He's been on the cover of Newsweek.
He's come out of nowhere to now be the star of the Democratic Party presidential hit parade.
He hasn't done anything.
He has two years in the Senate.
His election to the Senate was accomplished over a carpetbagger candidate for the Republican Party.
Alan Keyes came in from Maryland and didn't have a prayer.
Illinois has been Democrat controlled for the longest time.
I mean, it's other things.
It's no doubt skin color.
It is, but I think it's attitudinal.
The thing that I am hearing from all of these analysts is that Barack triangulates, that Barack is above Republican and Democrat.
He's above partisanship, which is not true.
He's a full-fledged, 100% lib, but they're grooming and portraying the guy as nothing more than an oracle of hope.
And the country is said to be in desperate need of hope because things are so dire.
And we need a leader who can give us all hope and bring us all together and make it think things aren't so dire.
And this is the way he's being portrayed.
And he's playing the role as well as anybody could.
Now, again, I found this thing at townhall.com by Kevin McCullough.
I do not know who Kevin McCullough is.
Sorry, Mr.
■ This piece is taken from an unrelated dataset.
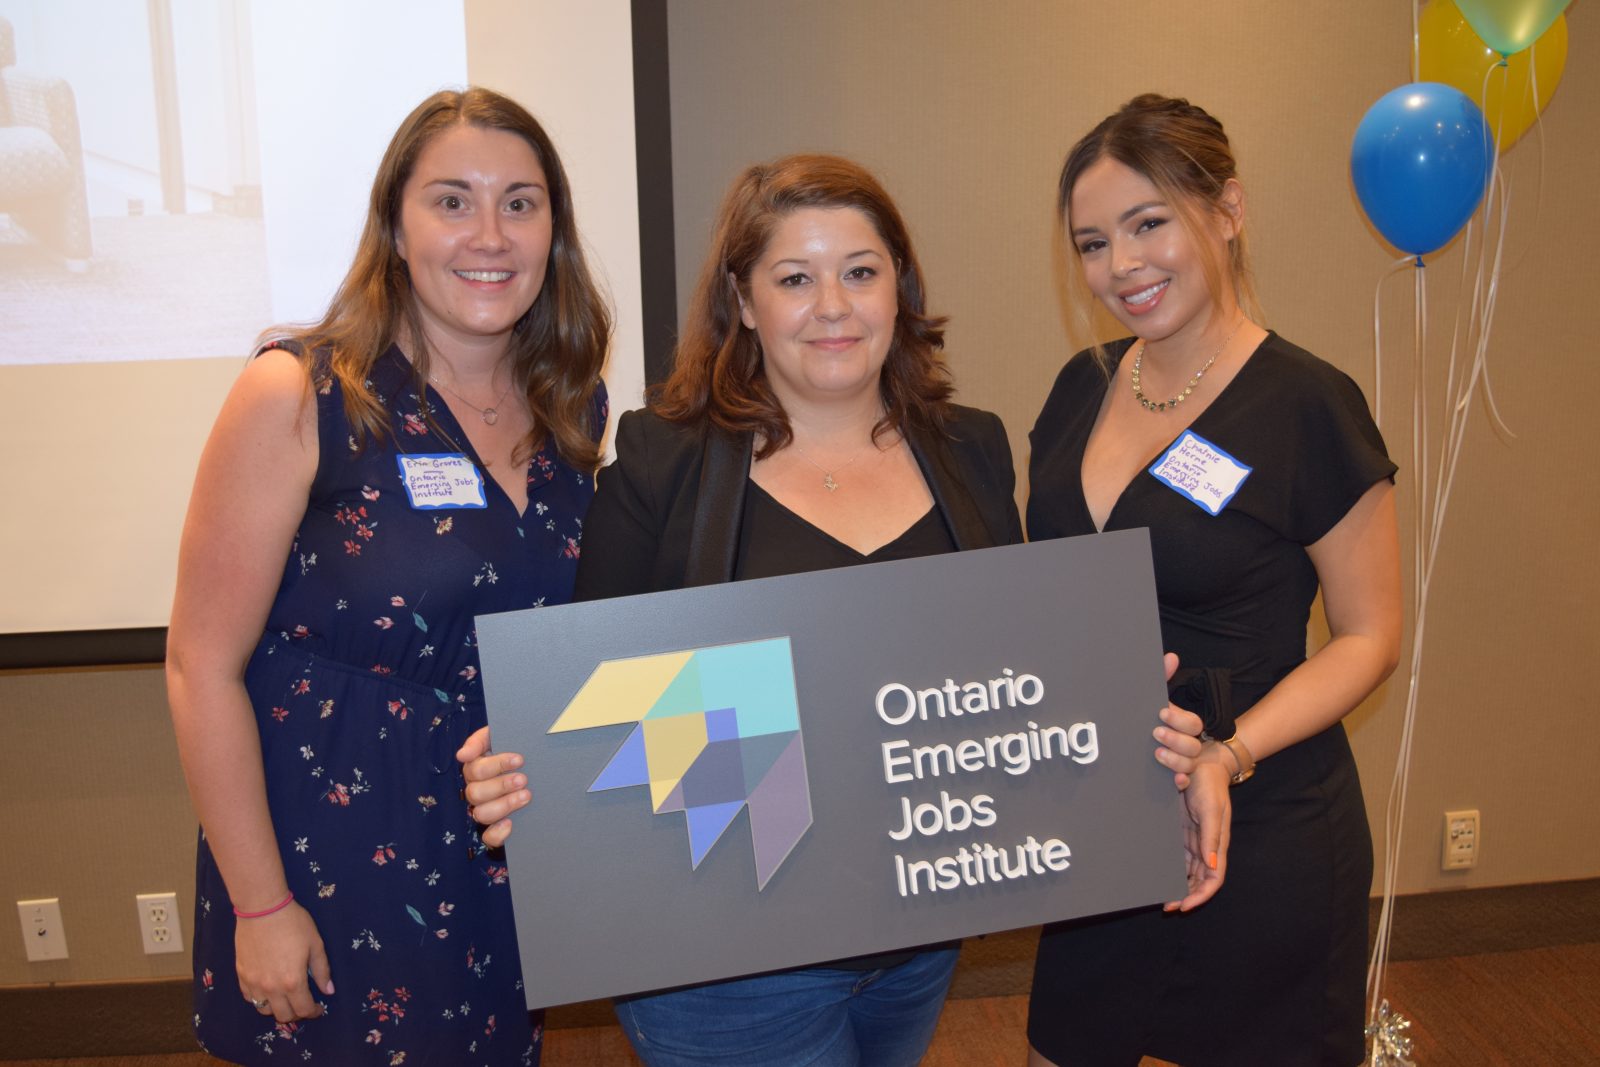 The Ontario Emerging Jobs Institute opens Monday

McCullough.
I don't mean to be insulting.
I just don't know who you are.
And the version I have did not identify you at the end of the piece like most column nists are identified.
So this is not a swipe.
At any rate, claims to be a long-term follower of Obama, has a long track record of predictions on Obama.
All of them, he says, have come true.
And he thinks Obama is going to be president swearing in, taking the oath of office in January of 2009.
There are reasons that this event is destined to take place.
And given the option of knowing them but remaining silent or mentioning them in the hope that the scene I've just mentioned never comes to pass, I choose the latter.
If any of these were to take significant turns, the formula might collapse.
This is given the fact that the nation will be in a holding pattern for the next two years with absolute gridlock on pretty much everything, with the possible exception of amnesty for illegal aliens.
And in fact, there this is, Charles Hurt in the Washington Times today.
Congress will approve an immigration bill that will grant citizenship rights to most of the 12 million to 20 million illegal aliens in the U.S. after Democrats take control next month.
Both sides are predicting on Capitol Hill.
This is the one thing the president has talked about.
He's being eager to work with the new Congress on.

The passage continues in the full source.